This is not to say the cattle approach will work all the time. Not everything is disposable, and when an asset is not, it requires pet treatment. The goal is to minimize the number of pets and maximize cattle to create an easy to protect and manage infrastructure.
The practical application of pets vs. cattle centers on minimizing the systems which require individual attention. Automation is a crucial component, as the sheer number of cattle is unsustainable without it. Another is the deployment of immutable infrastructure.
At first glance, the immutable infrastructure—which cannot be changed—seems counterintuitive to the cattle approach. However, it is immutable because the server is disposable. If there is something wrong with it, it is not reconfigured or patched. It is replaced with a new server built from a standard image, with necessary changes incorporated.
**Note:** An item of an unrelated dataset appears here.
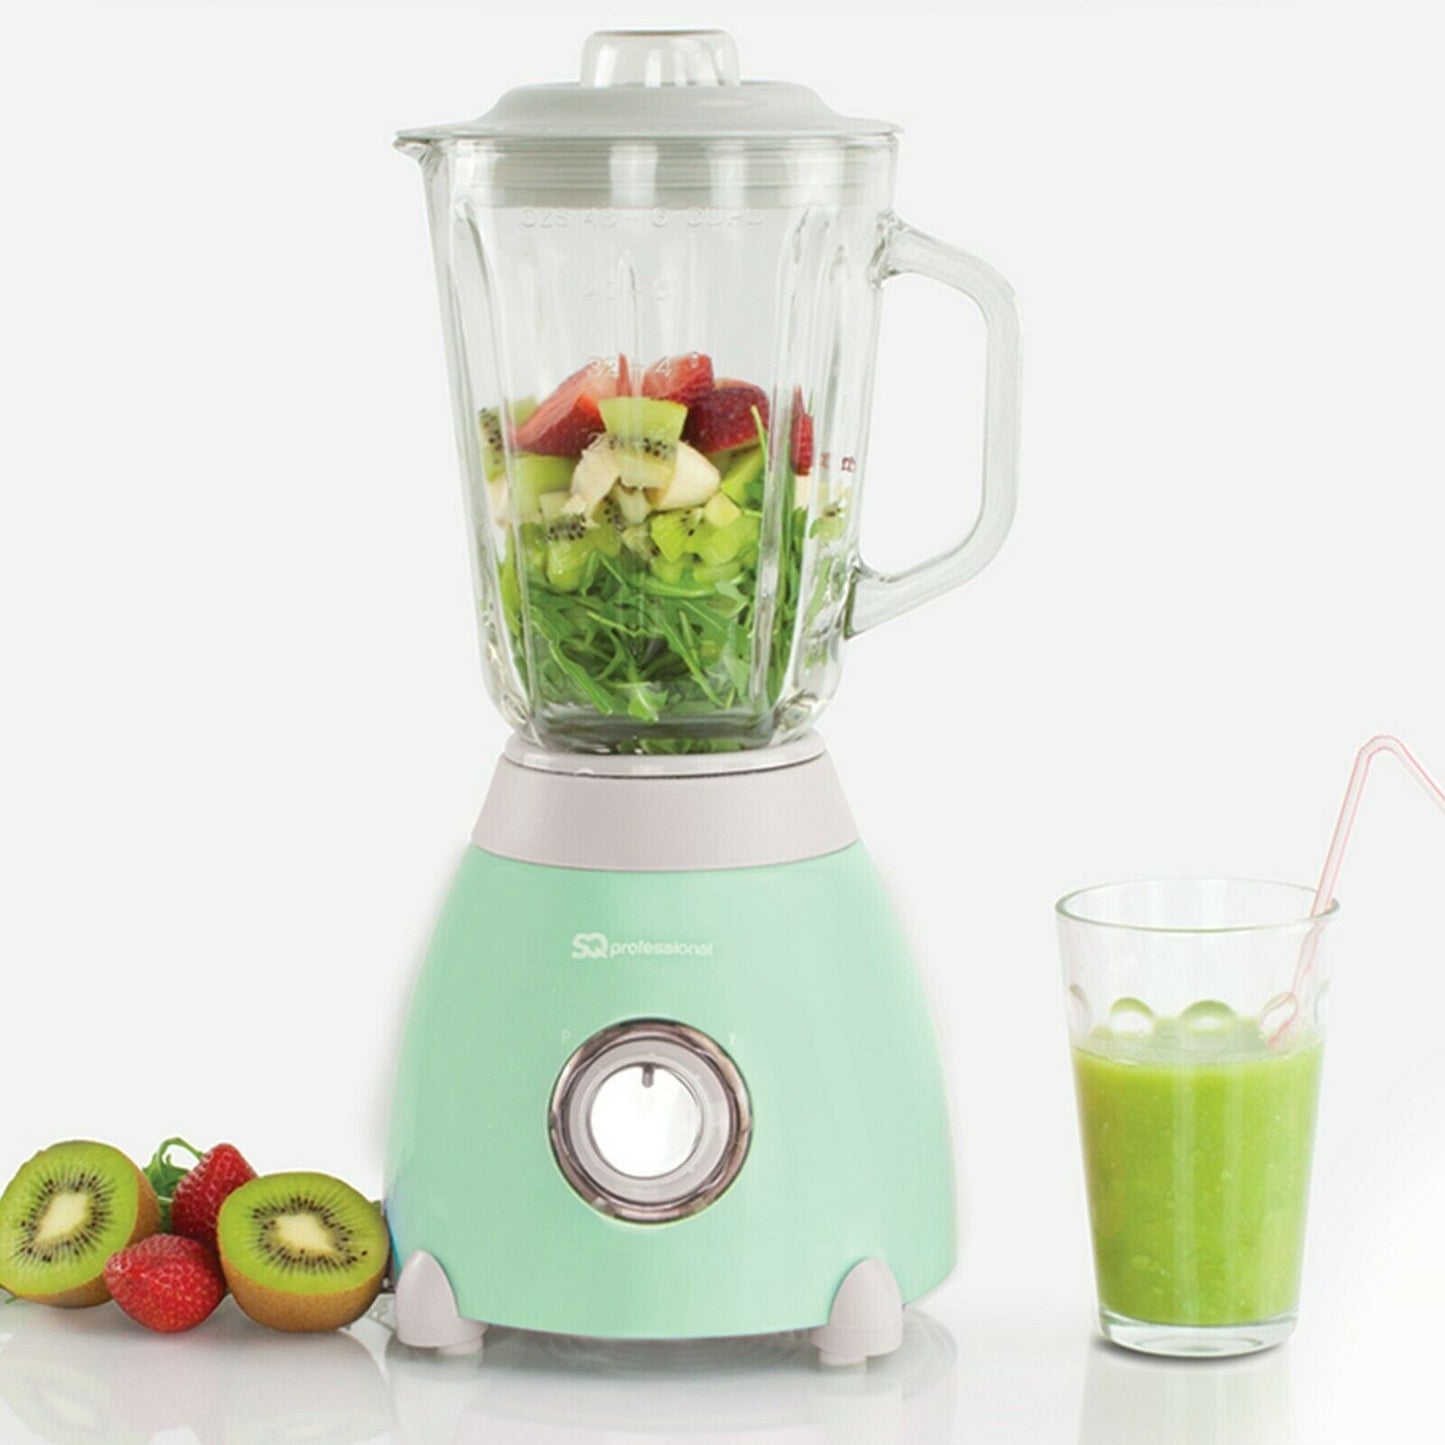 Green and Glass Jug Food Blender & Grinder 500W SQ Professional with 100g Seafoam (7282)

It can be thought of as cloning the cattle but making improvements with each iteration.
Patches and updates are an unavoidable reality of operations at scale; they ensure the ongoing security and compliance of the infrastructure. Legacy operations apply these patches in place, often inconsistently fashion, which can result in further issues.
Immutable systems move this responsibility to the image creation process, and optimize for replacing the running image quickly, reducing the scope of change to a single, well-developed and well-tested image that can be deployed repeatedly. Critically, this is often without interruption to ongoing operations. These systems also cut configuration drift cases, where changes are not mapped effectively, making reproduction into a backup or secondary source near impossible.
Infrastructure as code (IaC) is a crucial component of building these immutable systems. Establishing the IaC code base ensures rapidly configured replacement servers. Accessible IaC repositories are essential.
Users should be able to understand the code provisioning to troubleshoot problems and run applications. IaC also helps eliminate the need for extensive documentation. Changes are visible within the code itself. Excessive or dated documentation increases error risk, so this is a definite benefit.
Essentially, the cattle philosophy minimizes changes to the configuration, breaks programs down to their smallest possible components, and leverages automation to control all these moving parts. The result is an infrastructure that is scalable, secure, and flexible.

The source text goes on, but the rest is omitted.